Entropy (or the change thereof) is written as \Delta S = \oint \frac{d Q}{T}, where dQ is the amount of heat added to the system, while T is the temperature.

I’ve always wondered, if this is a state-function, why not consider functions (dQ, dU are incremental heat added and incremental internal energy) whose change is \oint \frac{d Q+dU}{T} or different powers of the denominator? Why aren’t they as useful as the entropy?

Atkins’ book is the only one I have seen that actually mentions anything about variations. The reason why the other functions aren’t actually interesting is not because they aren’t (for some reason), not state functions or something like that. The original entropy definition is the only one that can be re-interpreted as being the {\bf {logarithm}} of the number of accessible microscopic states. As it turns out, that is useful for a myriad of other reasons, but not the only way to think about thermodynamics.

Here’s an example. In the 1800s a fellow named Carnot proved that a heat engine’s maximum efficiency is achieved by a special kind of engine. For doing so, he used an engine that was run through a cycle of isothermal (constant-temperature) and isentropic (constant entropy) processes. These are depicted in the P-V diagram below. Briefly, one carries out an isothermal expansion, with the gas doing work and absorbing heat from a heat source, followed by isentropic expansion, cooling the gas, but with the gas still performing work. Then one performs isothermal compression, shedding heat to the heat-sink and with work being done on the gas inside the cylinder. This is followed by isentropic compression, with the gas getting warmer. This is roughly the order of operations followed by a four-stroke engine.

The work done by this Carnot engine is equal to the area (depicted by a blue splash) in the above diagram. That area is bounded by different lines that are either isothermal or isentropic processes.

However, if we invented a new quantity, call it “F_{entropy}“, whose change in a process is dF_{entropy} = \int \frac{dQ+dU}{T}, then we would simply find a new set of curves (call them iso-F-entropic processes) in the above P-V graph. Would we find a more efficient F-Carnot engine by this mechanism?

There is a simple argument that we would not. For if we did, we would simply run the less efficient Carnot engine, do some work and dispose of some heat in the low-temperature heat-sink. Then run the more efficient F-Carnot engine as a refrigerator, to use less of the work to transfer the above disposed of heat from the low-temperature sink to the high-temperature source. This would be a machine that would violate the Second Law of Thermodynamics – it would take heat from a heat source and convert all of it to work. So these other versions of entropy wouldn’t really change anything – its enough to use the version that additionally has the connection to the number of microscopic states.

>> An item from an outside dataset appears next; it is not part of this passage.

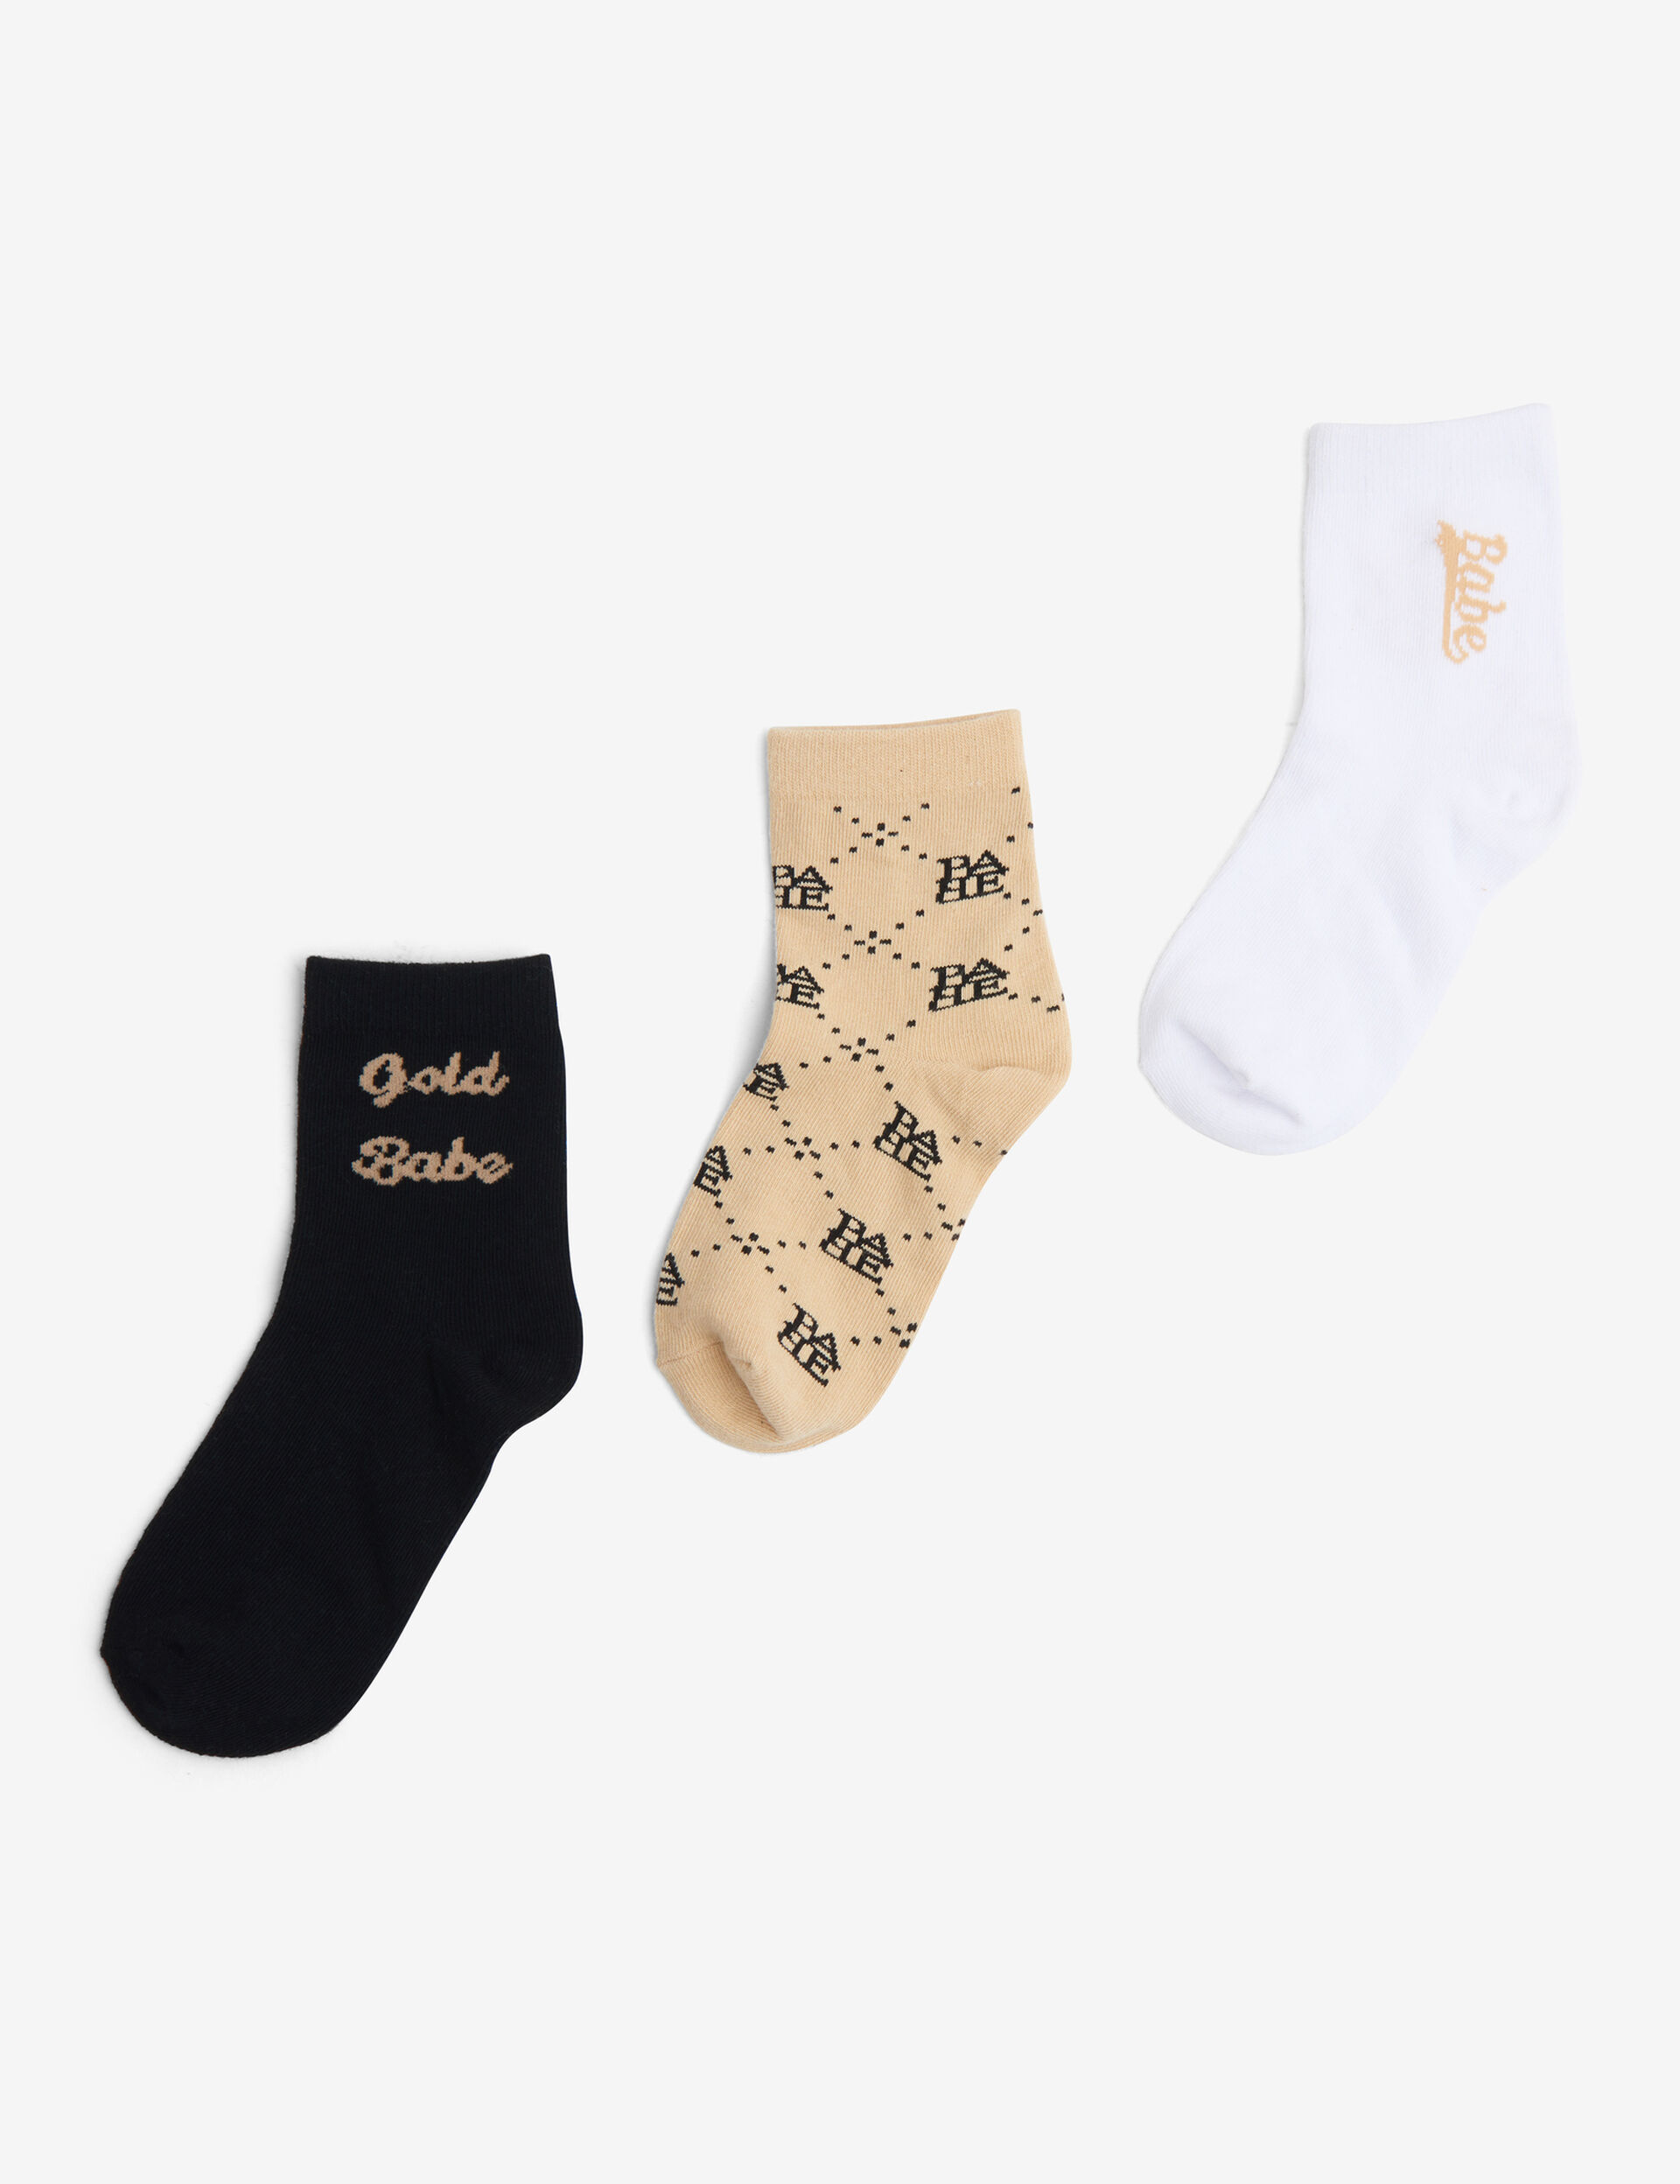 Babe socks

The last topic I want to discuss, possibly in a future post, has to do with the thermodynamics of computation. Briefly, Rolf Landauer (in the 60s at IBM) deduced that there is an absolute minimum of heat (and entropy) that is generated when a computation is performed. He connected this to something called Maxwell’s demon, which was a thought experiment constructed to explicitly break the Second Law of Thermodynamics. He (Landauer) then showed how ordinary entropy of disorder could be connected to the entropy of information, in a really concrete way. The article referred to above tries to make the case that this connection is weak, primarily because the “message” in information theory is too small, not macroscopic in size. I am not convinced, but think a longer post is essential to discuss it.